• _Task description_
Write the lines below out exactly, dropping each picture.

• _Supplied information_
- - -

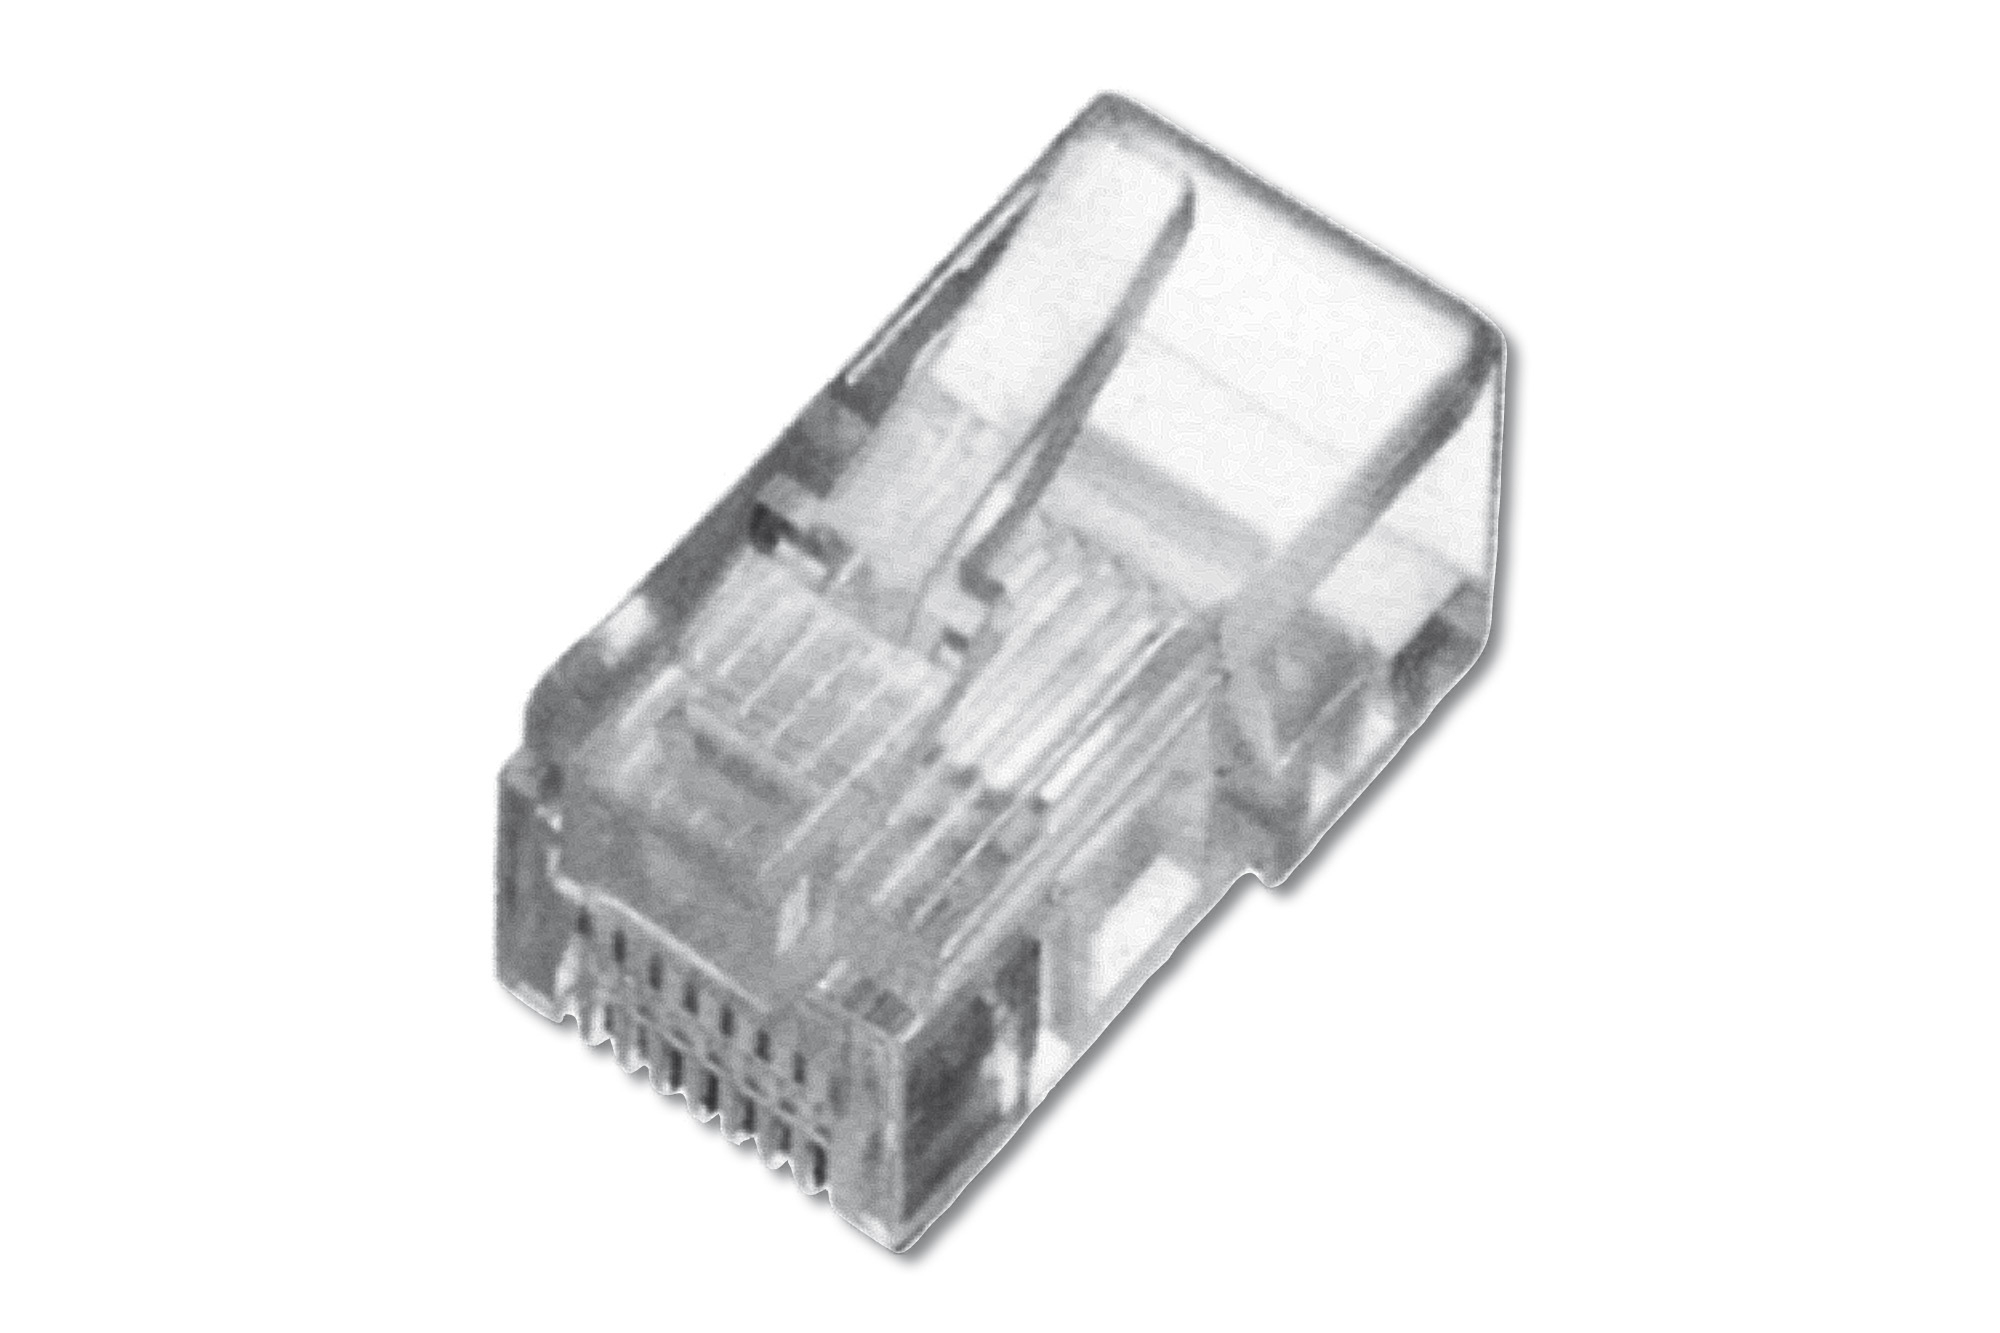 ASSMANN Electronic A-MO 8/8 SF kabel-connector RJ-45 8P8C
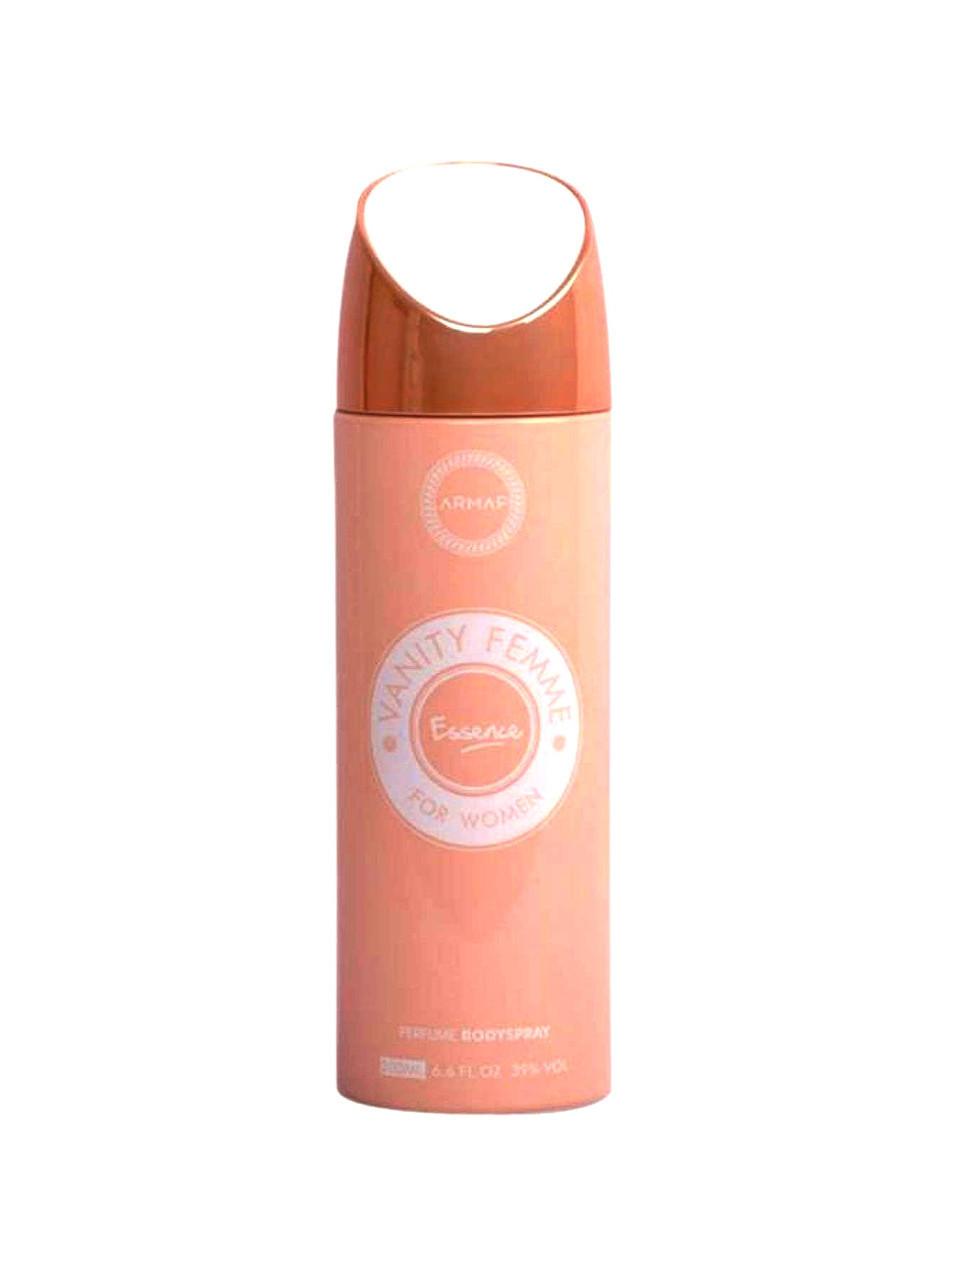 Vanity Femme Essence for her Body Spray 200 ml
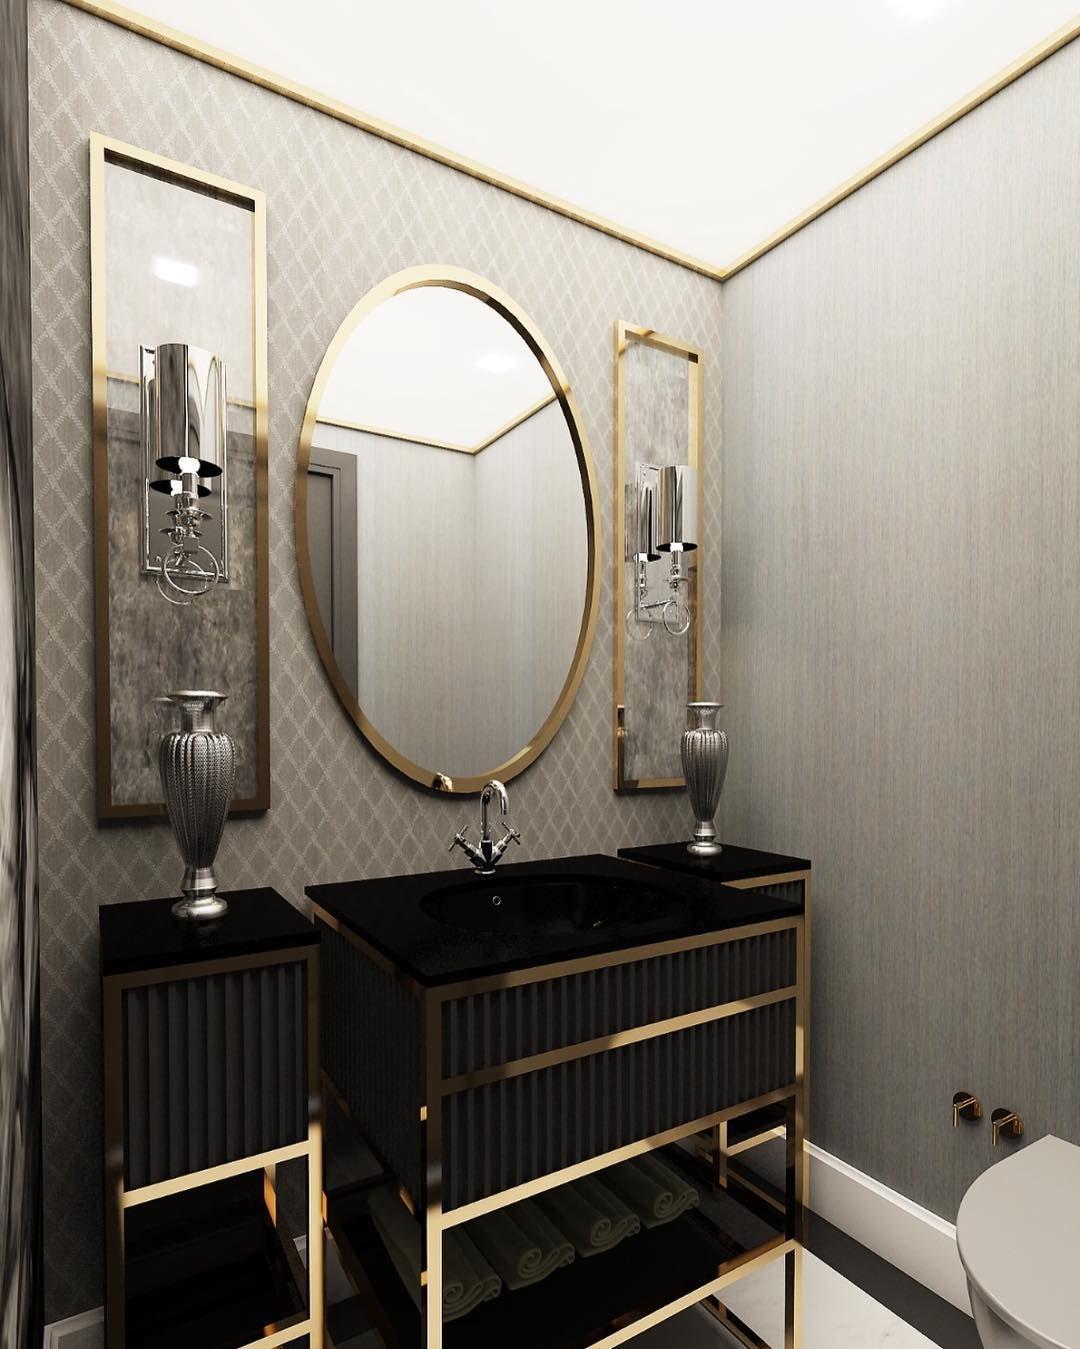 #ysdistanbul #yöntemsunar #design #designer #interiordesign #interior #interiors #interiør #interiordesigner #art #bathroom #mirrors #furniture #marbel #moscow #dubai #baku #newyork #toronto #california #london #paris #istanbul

- - -

• _Answer space_
 ASSMANN Electronic A-MO 8/8 SF kabel-connector RJ-45 8P8C
 Vanity Femme Essence for her Body Spray 200 ml
 #ysdistanbul #yöntemsunar #design #designer #interiordesign #interior #interiors #interiør #interiordesigner #art #bathroom #mirrors #furniture #marbel #moscow #dubai #baku #newyork #toronto #california #london #paris #istanbul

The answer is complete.